_MATERIAL FOR THIS EXERCISE_:
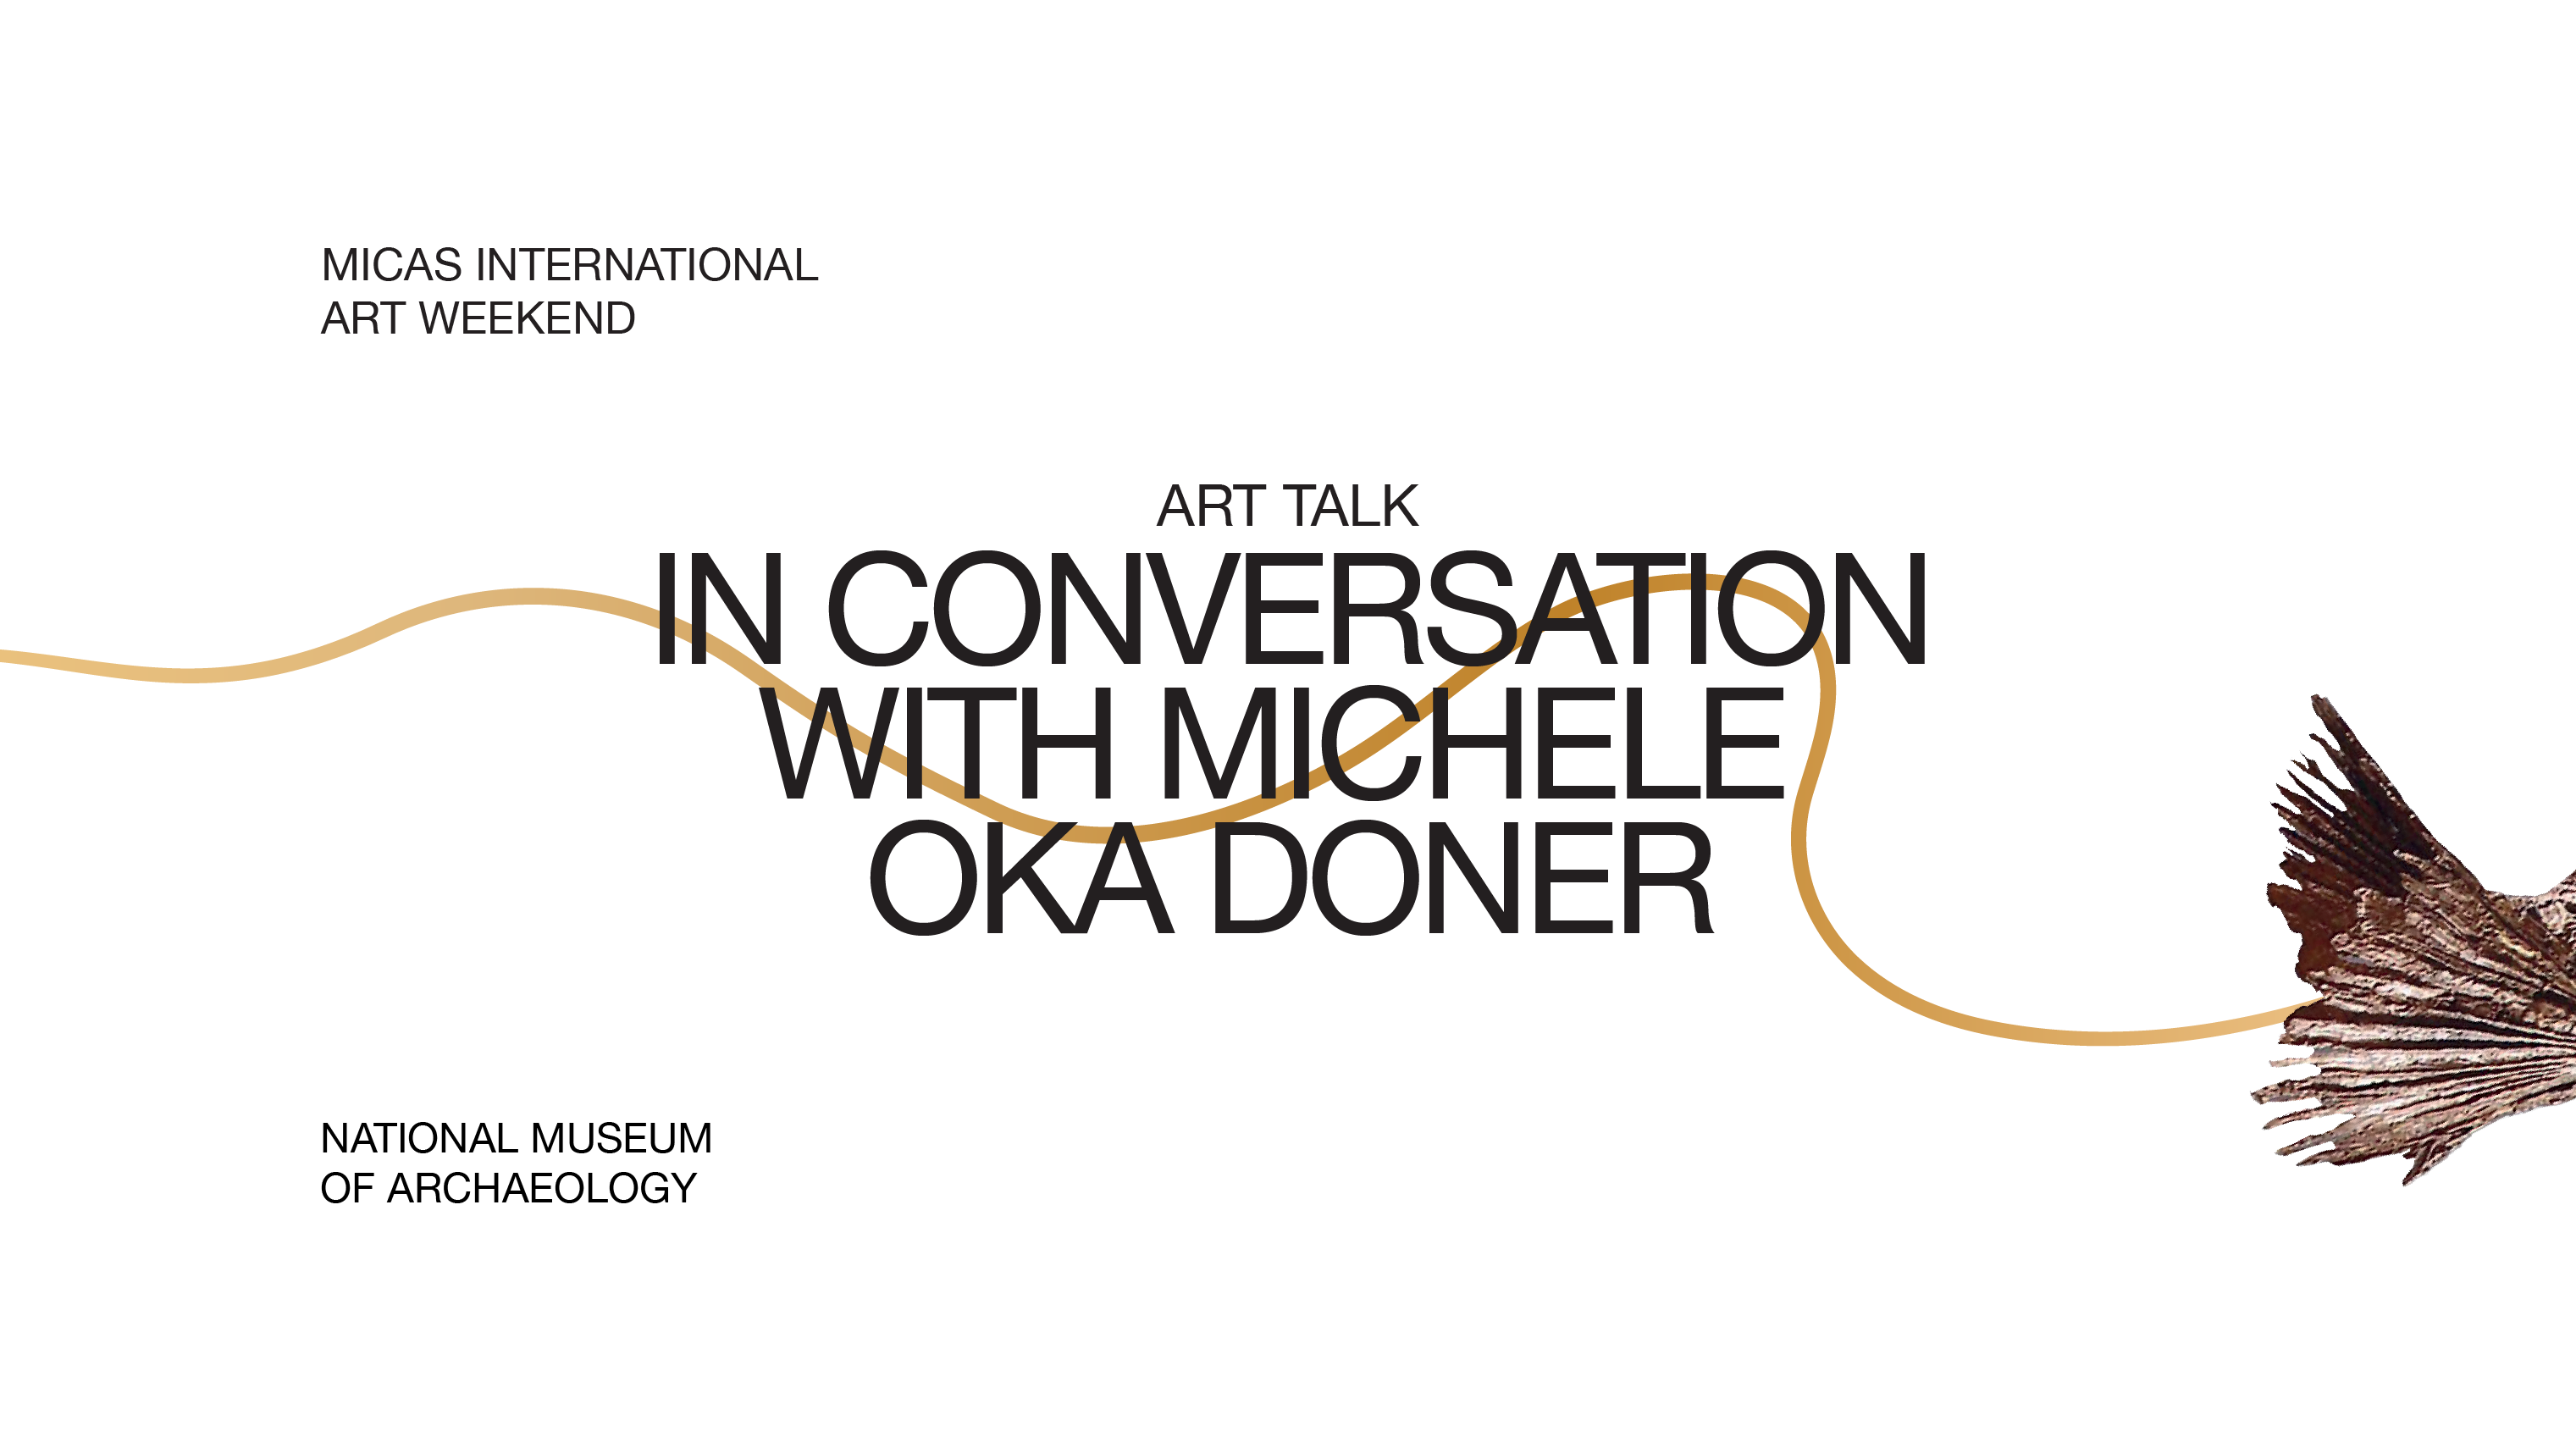 MICAS Art Talk: In Conversation with Michele Oka Doner
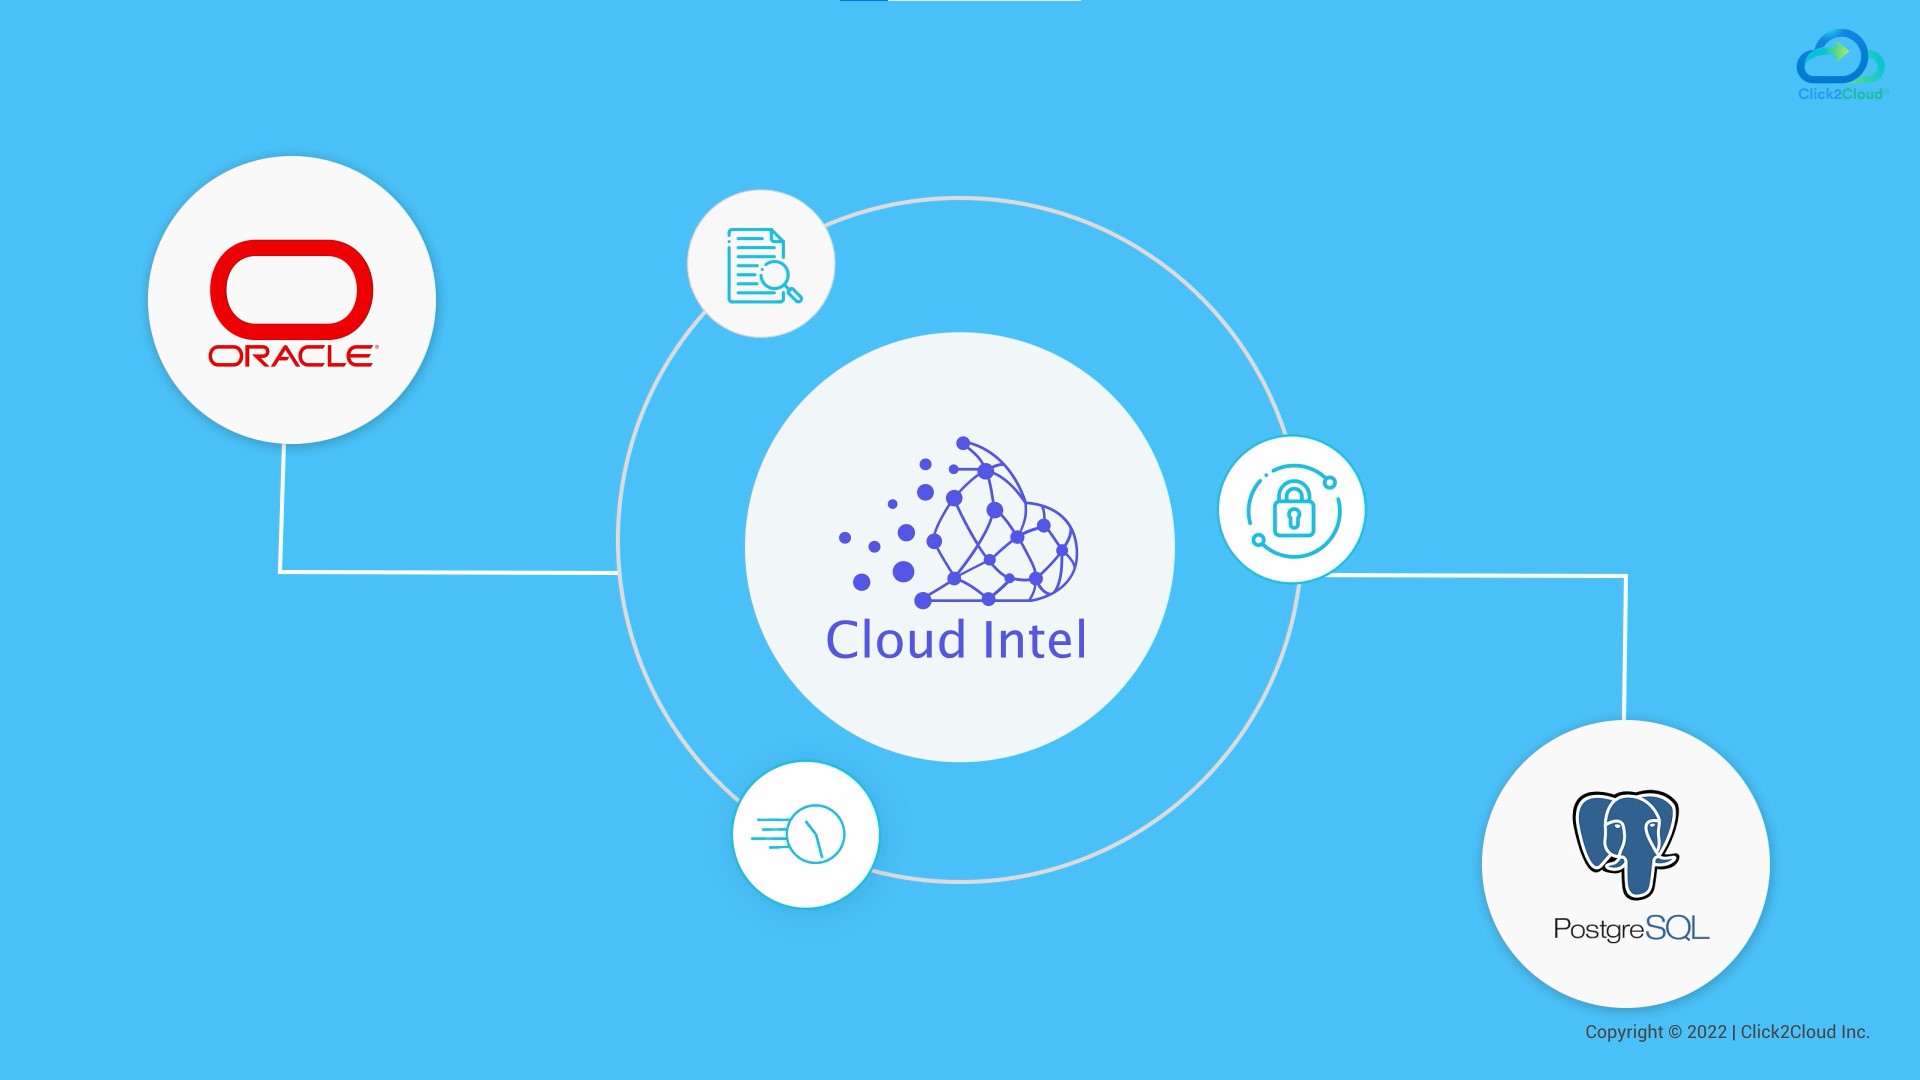 Oracle to PostgreSQL Migration Assessment with Cloud Intel-Click2Cloud
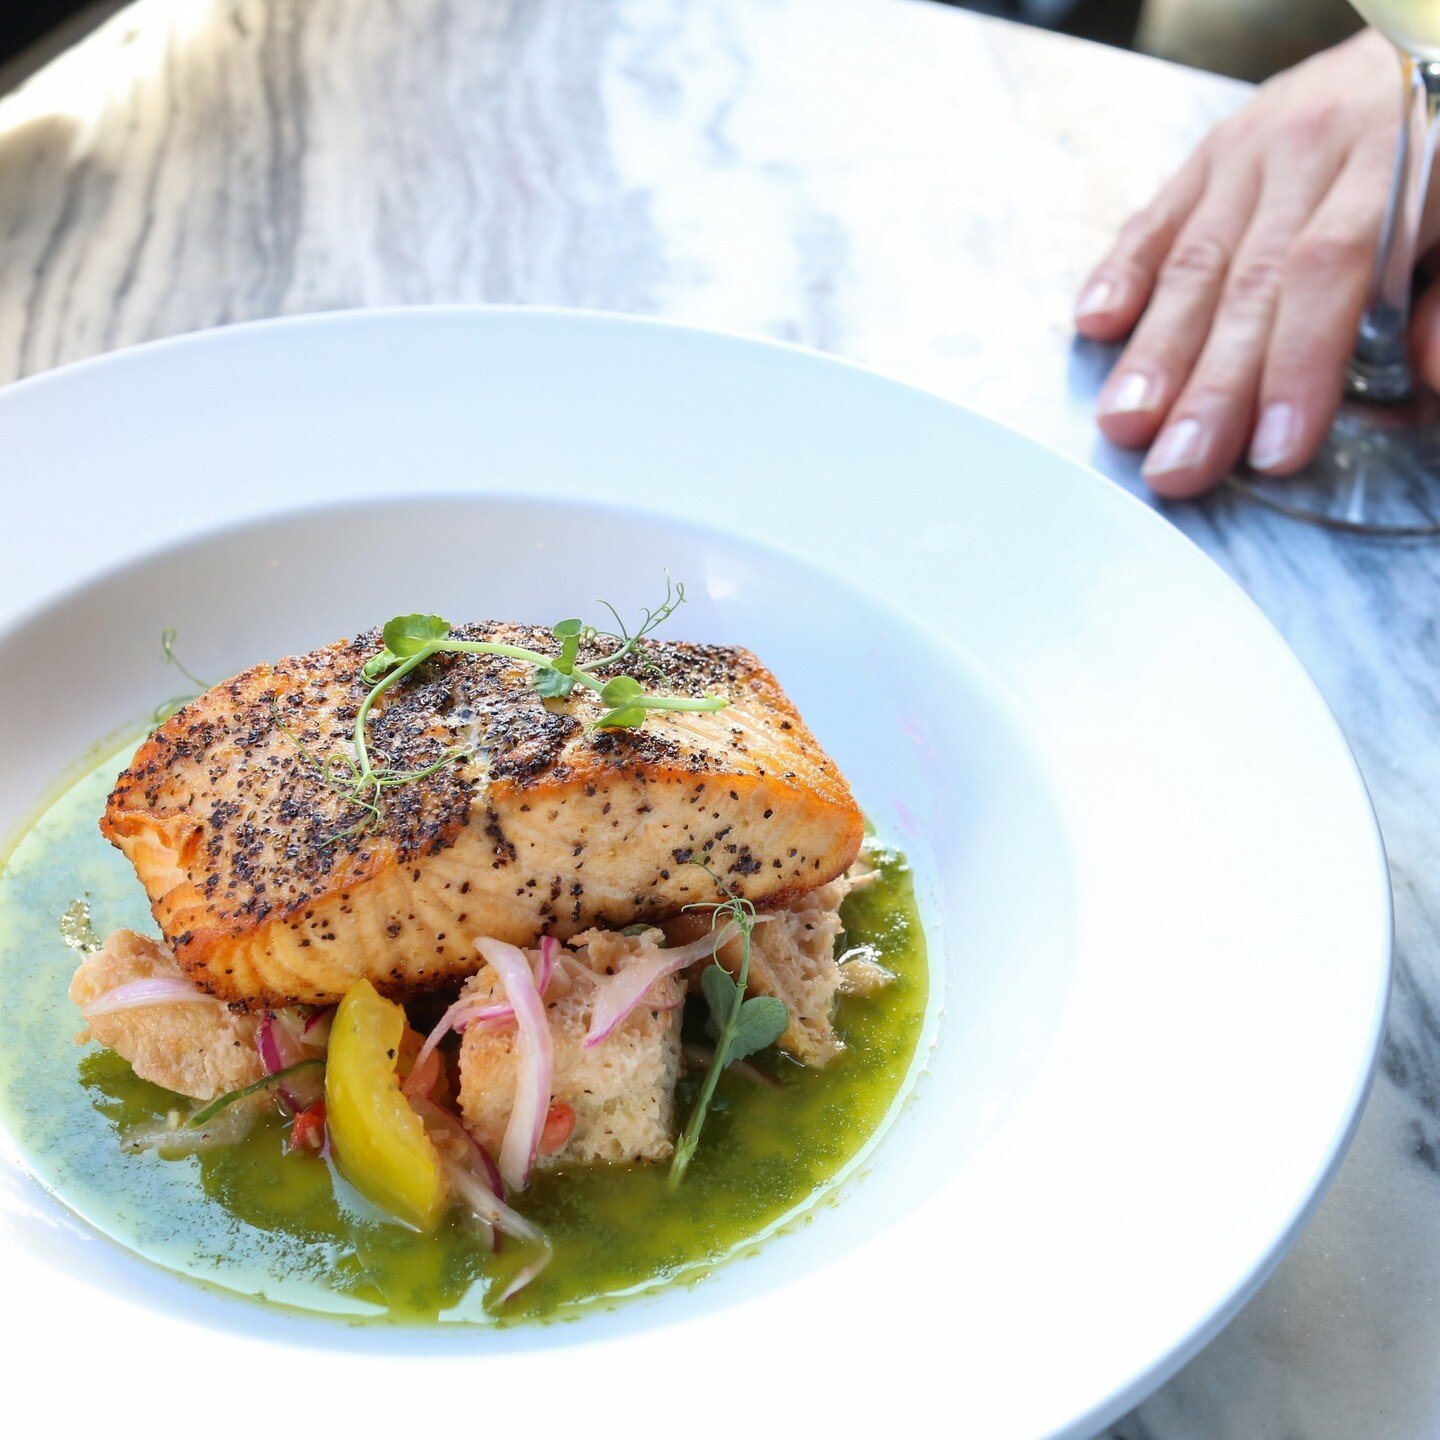 Arguably the best part of Restaurant Week here at Aposto; Salmon Panzanella. Pan seared salmon, bread &amp; tomato salad, basil vinaigrette. ⁠
⁠
Our Restaurant Week menu will be running until the 27th. Three courses, two options each, for $50. 🍷

_PROBLEM REQUIREMENTS_: Would you please repeat the entries above verbatim, excluding each picture?

_TASK OUTPUT_:
 MICAS Art Talk: In Conversation with Michele Oka Doner
 Oracle to PostgreSQL Migration Assessment with Cloud Intel-Click2Cloud
 Arguably the best part of Restaurant Week here at Aposto; Salmon Panzanella. Pan seared salmon, bread &amp; tomato salad, basil vinaigrette. ⁠
⁠
Our Restaurant Week menu will be running until the 27th. Three courses, two options each, for $50. 🍷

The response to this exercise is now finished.